In June 2016, the San Ramón Court held the hearing on the appeal filed by the Public Prosecutor's Office regarding the ruling issued in January 2012 for the planting of 160 cannabis plants for personal use in the attorney Mario Cerdas file.
This sentence freed the lawyer after 5 months of preventive detention, since the Public Ministry could not prove that the crop was for trafficking after numerous attempts of controlled purchases by the agents of the Judicial Investigation Agency (OIJ).
The sentence issued by the Chamber III, considers that the Public Ministry incurred a fault in the statement of the reason. That is, a failure in the motive has brought the case down:
"In the case under investigation, it is evident that the motive is incorrectly substantiated because, first of all, as it was seen, the sentences do not comply with any factual identity among themselves. Although all deal with the issue of drug cultivation, the first of them refers to the principle of Lesividad in the behavior of cultivating substances of unauthorized use, and it was determined that there is an effective injury to the public health good when it is proven that these would be distributed to different people to any title (which is nothing more than the end of traffic) "
In other words, if there is no cash in a cannabis crop, planting equipment destined for traffic and no sale of any kind is made, it is not considered a crime, since there is no harm to public health.
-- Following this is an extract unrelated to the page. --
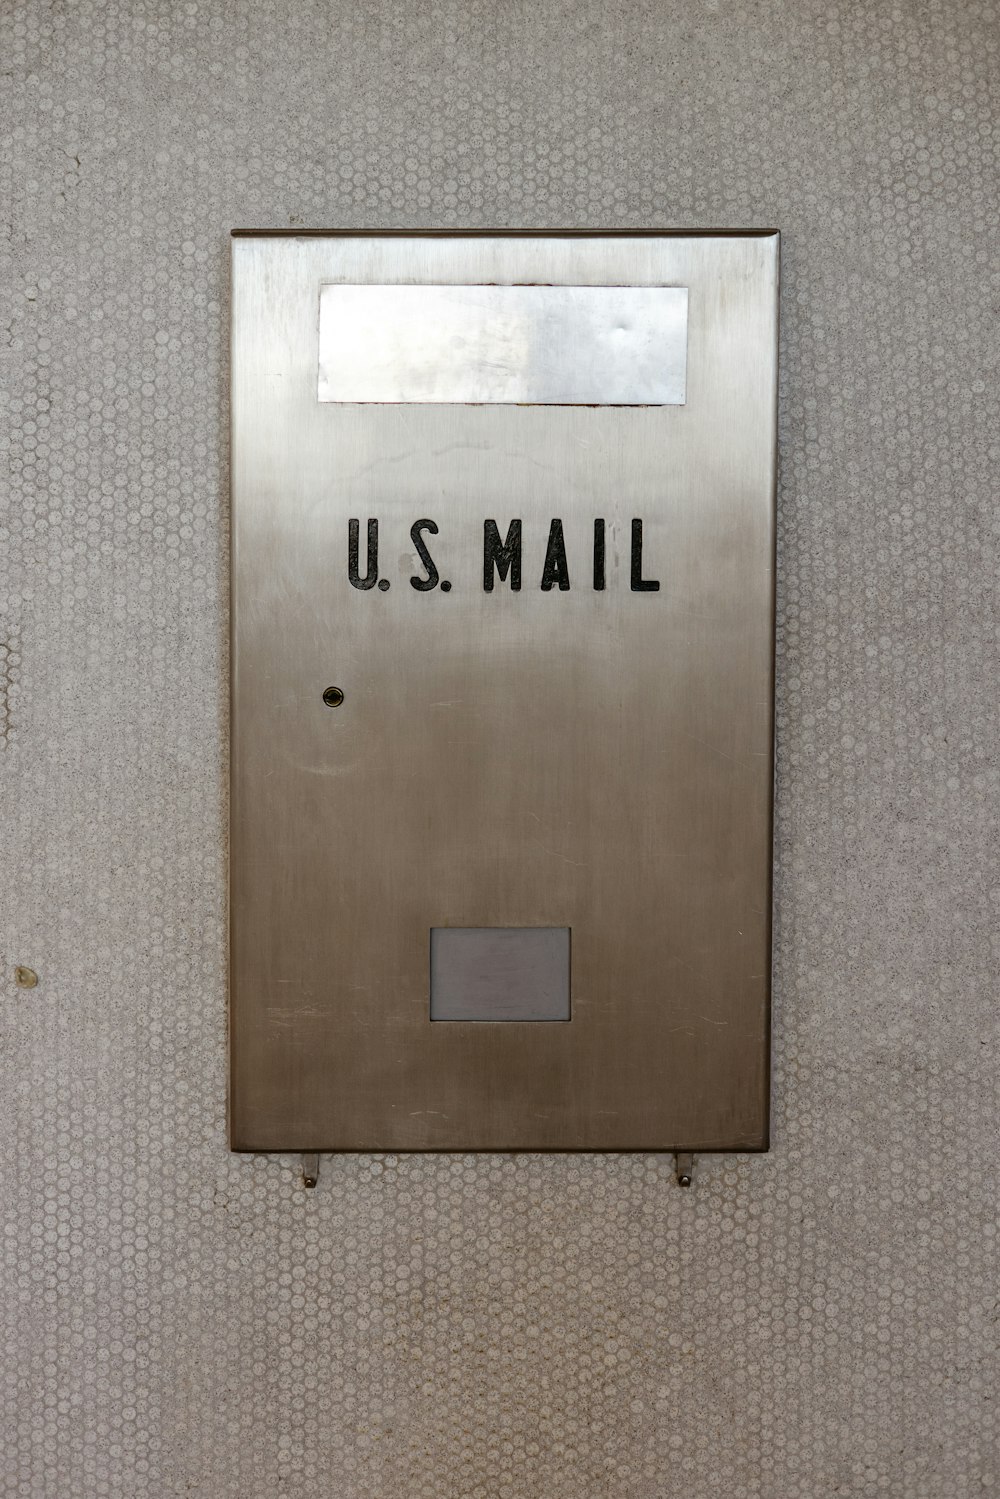 米国の郵便物が書かれた金属製のメールボックス

"We received with great satisfaction this ruling because, since the prosecution began, the Public Defense made it clear that the courts and national jurisprudence had always demanded that any crime related to drugs, required that there be a purpose of trafficking, distribution or trade", affirmed Sebastián Mesén, public defender of Mario Cerdas.
In this way, the prosecution officially loses the battle against a citizen who was tried to charge for crimes not committed.
"We have to start with the consultations to the State, to see if they plan to regulate the self-cultivation because now it is free and users continue to be criminalized due to lack of regulation," said Ernesto Cortés, representative of the Costa Rican Association for Study and Intervention in Drugs (ACEID).